Yes , for negative numbers this works the opposite way.
Example (using the Mono C # csharp interactive shell):
csharp> Math.Floor(-12.0d) -12 csharp> Math.Floor(-12.5d) -13 csharp> (int) -12.5 -12
(the same for Java / C #), and I think most languages ββare anyway.
Casting an integer floating-point number is done by discarding the decimal part that supports the integer part. The integer part of -12.5 is 12 . So negative numbers make a Math.Ceil if you convert it to int .
In addition, as @Matthew claims, a float or double can reach numbers like 1.023e23 (Avogadro constant). Just because the mantissa can no longer represent decimal digits. Numbers that are in any case considered integers but cannot be represented int . Performing the Math.floor operation, nothing happens, but the value is saved. Although converting to int can lead to overflow :
An example :
csharp> double ac = 1.023e23; csharp> Math.Floor(ac); 1.023E+23 csharp> (int) ac; 0
Note: this may look far, but nevertheless, there is a clear difference in semantics. The difference, which in any case leads to errors.

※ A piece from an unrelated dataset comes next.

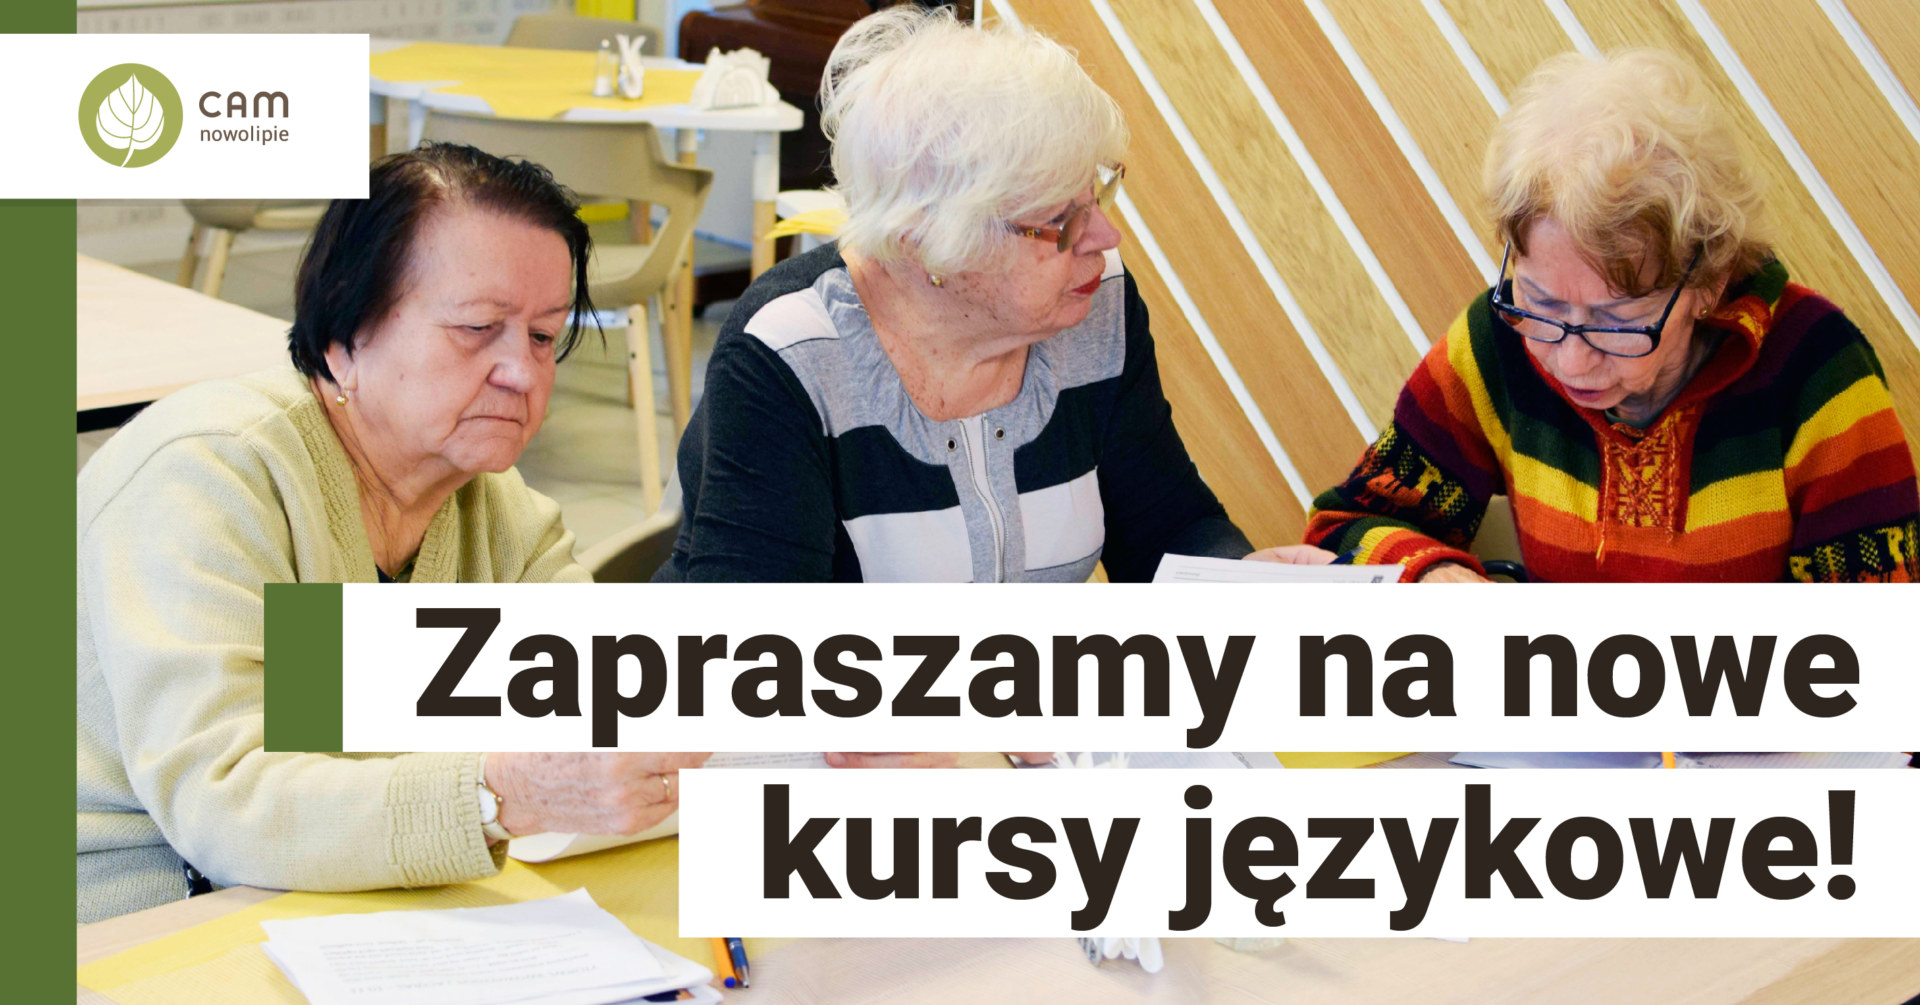 Trzy seniorki siedzące przy stole i napis: Zapraszamy na nowe kursy językowe
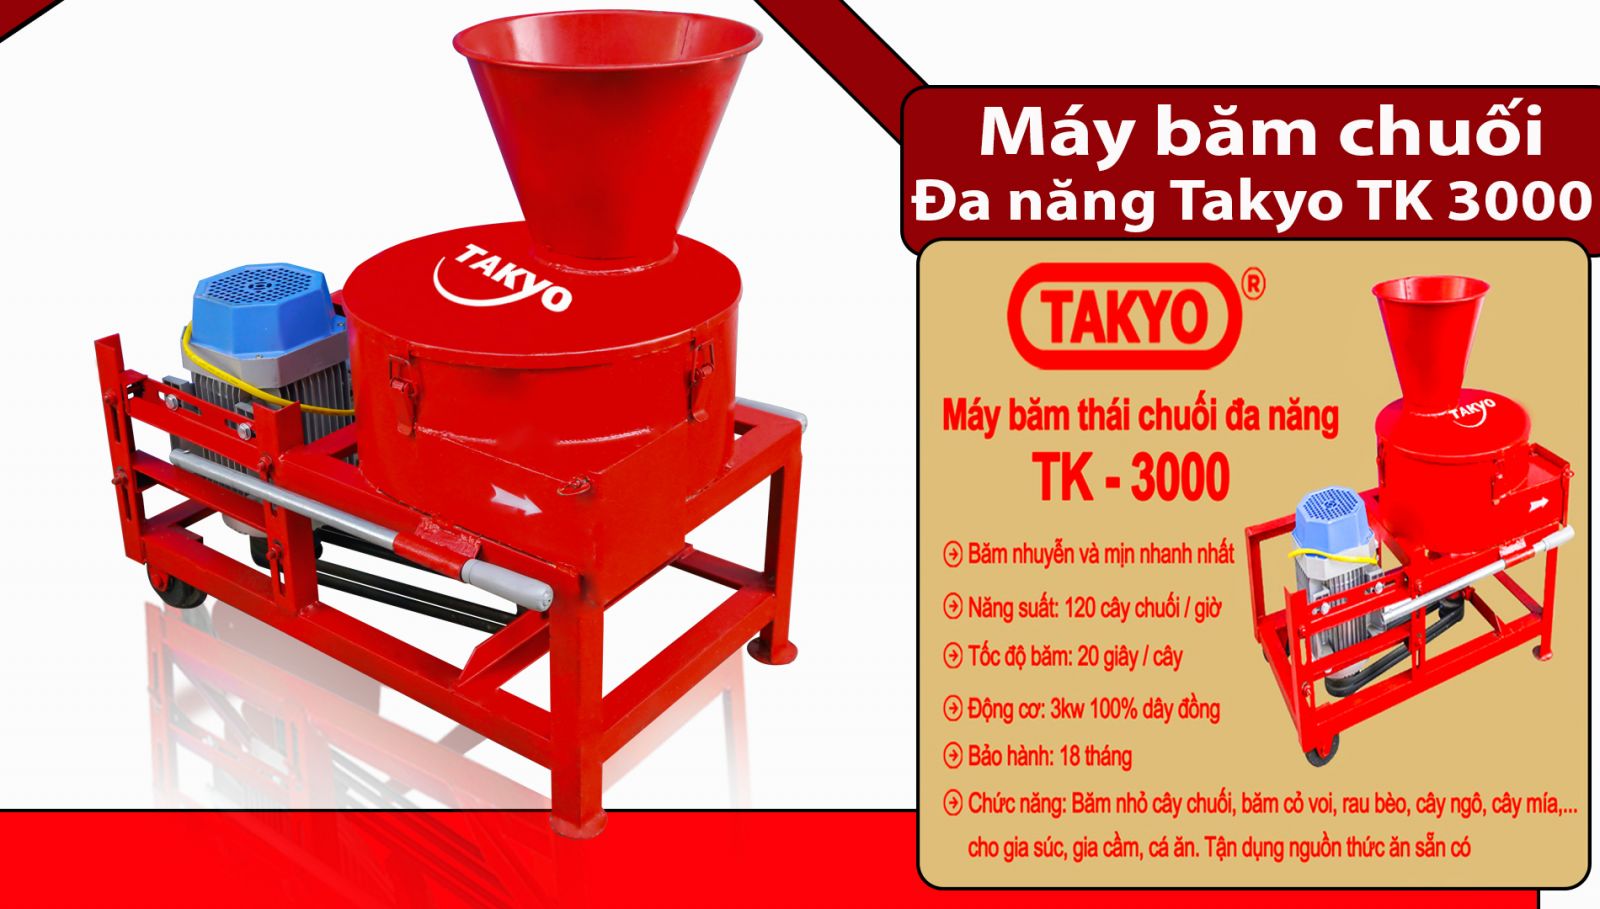 Thông số máy bặm chuối Takyo TK3000

It also works differently for infinite numbers and NaN :
System.out.println(Math.floor(Double.POSITIVE_INFINITY)); // Prints Infinity System.out.println((int)Double.POSITIVE_INFINITY); // Prints 2147483647 System.out.println(Math.floor(Double.NaN)); // Prints NaN System.out.println((int)Double.NaN); // Prints 0
But I will always use them all the same. Casting makes things more unreadable. Rounding up / down / off is a bit of a side effect. Using Math.Ceil/Floor/Round , it is clear what you mean.
Sometimes integer casting is actually more efficient than performing a floor / ceiling operation. But an intelligent compiler can sometimes get that a variable will always store a positive number and, thus, optimize it itself. And besides, for most applications this will lead to a slight decrease in performance.